Oh For the Love of Dog

So sweet and peaceful — DURING THE DAY.

A lot sucks about this pandemic. A LOT.

But I never would have thought that with everything else there is to worry about, I’d have to be on high alert for a “Planet of the Apes” type situation with the dogs. That’s right: They think they’re in charge. And they’re completely bent on oppressing the human race, specifically ME by making me be their stinkin’ doorman. 

They’ve become absolute dogtators, demanding to be let in and out whenever they damn well please. It’s hard to believe there was a time they spent hours alone outside (or in No. 3’s case, in a crate) and now they can’t go 30 minutes staying inside? So spoiled.

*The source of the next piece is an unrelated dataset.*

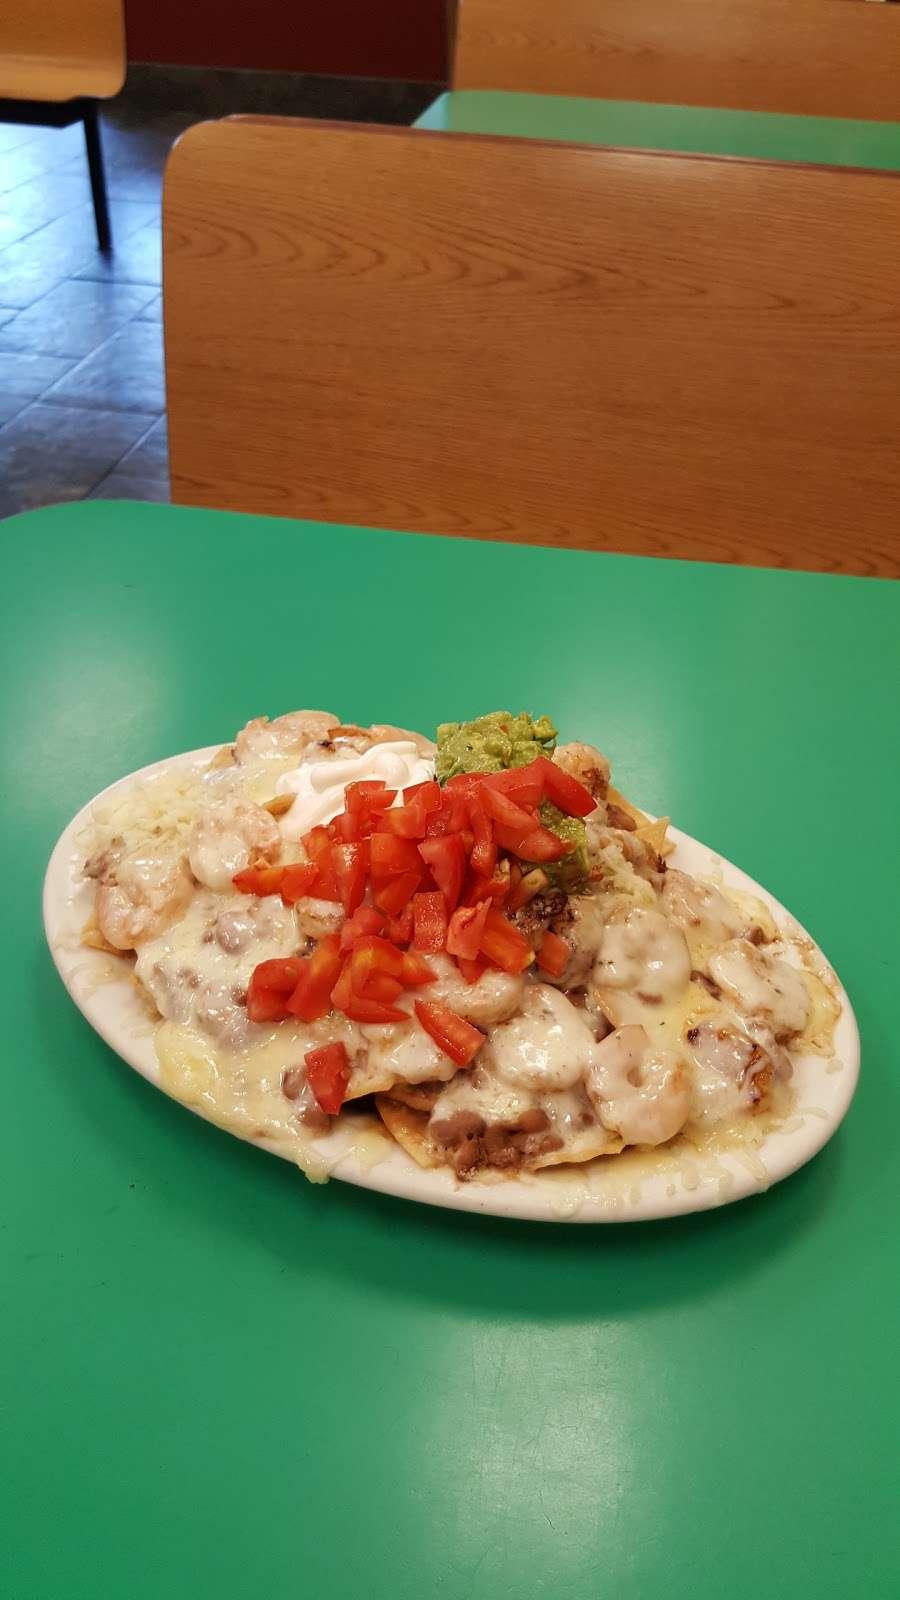 Mannys El Taco De Mexico - restaurant  | Photo 6 of 10 | Address: 1038 E Avenida De Los Arboles, Thousand Oaks, CA 91360, USA | Phone: (805) 492-4709

They think — since we’re home pretty much 24-7 — we exist solely to serve them and to prove their point, on a daily basis, they demand to be let in and out the ENTIRE DAMN DAY. One stands at the door and paws at it until it magically opens (it’s not magic, it’s usually ME). No sooner does my butt hit the comfortable, warm groove I’ve worn into the couch then there’s a second clawing at the door. Another dog wants out. Now. So, I mutter some select words under my breath and get up again. Then I sit down only to repeat the process one last time for the remaining dog left in the house. 

And what happens when I open the door? Is there a mad dash to the corner of the yard? 

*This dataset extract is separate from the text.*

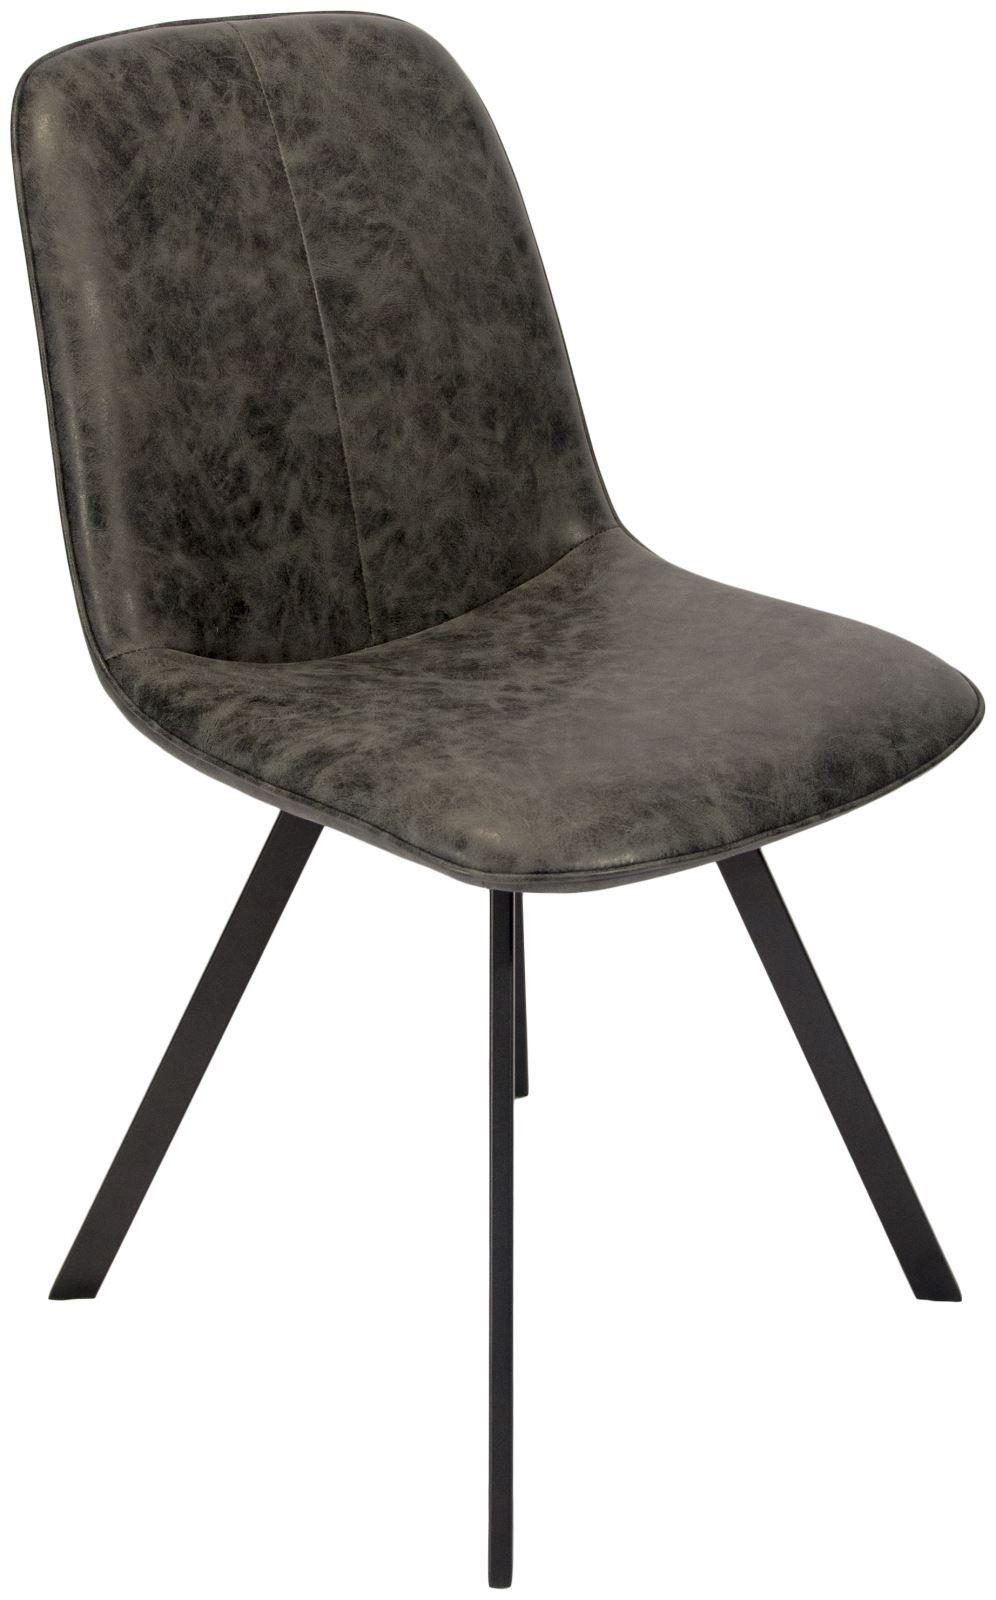 Zarco Dining Chair  H 87.5 x 47 x D 58

Nooooooo. They mosey around, sniffing. Usually, all they want is a drink of outside water. That’s apparently better than the lukewarm swill served in their inside-the-house water bowl. 

I might get all of 5 minutes before the pattern repeats in the other direction, with one after the other wanting to be let back inside. Let me tell you, it is a banner day when they all come in at once. 

I know what you’re thinking — that we definitely need a dog door. Well, when two out of three dogs are pushing 90 pounds, I’d prefer not to see the kind of unwanted visitors that might also pop through that entrance — either dragged in dead by the dogs or because they took a wrong turn heading for the nearby wash. We’ve already found a snake and way too many dinosaur-sized lizards.

If this wasn’t annoying enough, now the furry turds expect to go out whenever they want all night long. I already have to deal with military weapons-grade snoring right next to me and now these jerks want me to get out of bed at least three times a night? Completely unacceptable. I’ve told them so. They don’t care.

So basically the only part of my face that people outside my house even see any more is my eyes and now they are almost totally obscured by the puffy bags swallowing my face.

Exactly. Just like that Muppet right there, who’s either Statler or Waldorf. I forget which. Oh yeah, that’s the other thing, the mask hides the sweet ‘stache I’ve been working on this whole pandemic.

All I know is that the dogs are going to be so sorry when I spend all their dog food money on plastic surgery* to fix the signs of my sleep deprivation. But then, I guess if we stop feeding them that probably would eliminate** the need to go outside anymore. Hmmmm…

*It’s known as lower lid blepharoplasty. I looked it up.

**Ha! Get it?!?! It’s a poop pun. Oh, cut me some slack. It’s early and I barely sleep.